How Civil War Plant Remedies Could Improve Modern Medicine
An old medical botanical guide offers new avenues for research.
An 1863 text called Resources of the Southern Fields and Forests by Francis Porcher, a botanist and surgeon from South Carolina, was a compendium of plants known to have medicinal properties, and a guide to how they should be applied. Much of Porcher’s research was culled from longstanding healing traditions used by Native American and enslaved African communities, so it is perhaps ironic that his book was commissioned by the Confederacy and used to treat wounds during the Civil War. Recently, scientists at Emory University have studied three of the species—widely found across the South— described in the book to assess whether they would have been successful in the treatment of wounded soldiers, and how they might be incorporated in modern medicine.
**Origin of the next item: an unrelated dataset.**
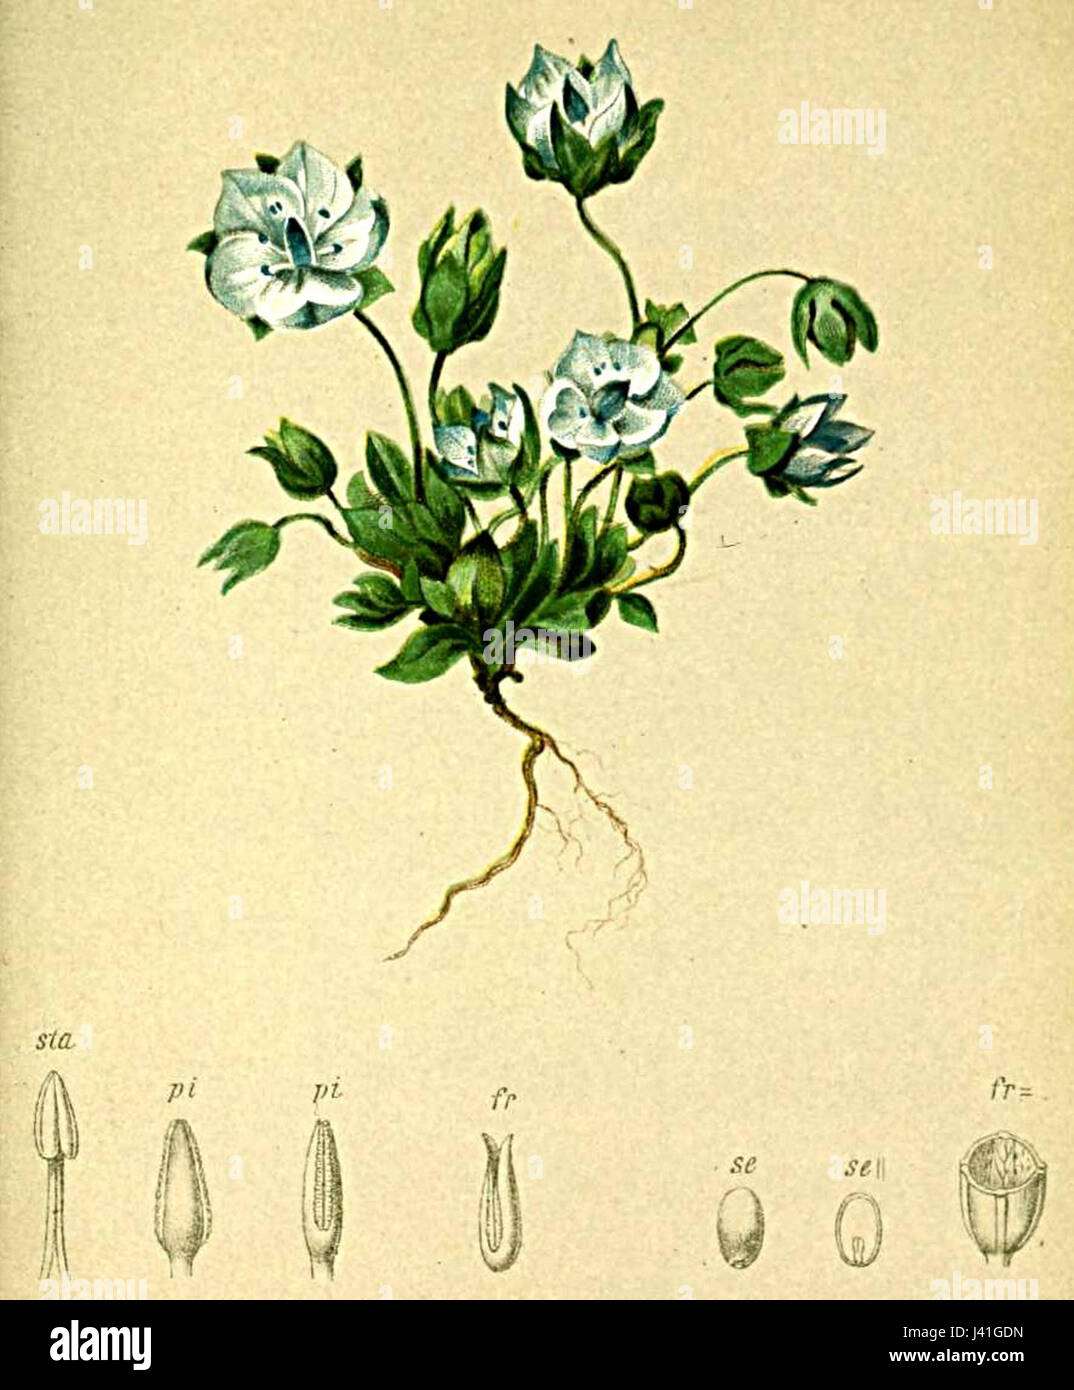 Lomatogonium carinthiacum Atlas Alpenflora Stock Photo

During the Civil War, soldiers suffered from fever, blood poisoning, and “mortification of the flesh,” a poetic way of describing infected, necrotic wounds. At the time, amputation was the obvious (and most advanced) solution to prevent death from a battle wound. Samuel Moore, the Confederate Surgeon General, created a document called “Standard supply table of the indigenous remedies for field service and the sick in general hospitals” to cut down on the rate of amputations and draw upon the natural healing properties of plants. Moore’s 10-page document drew heavily upon Porcher’s more exhaustive work.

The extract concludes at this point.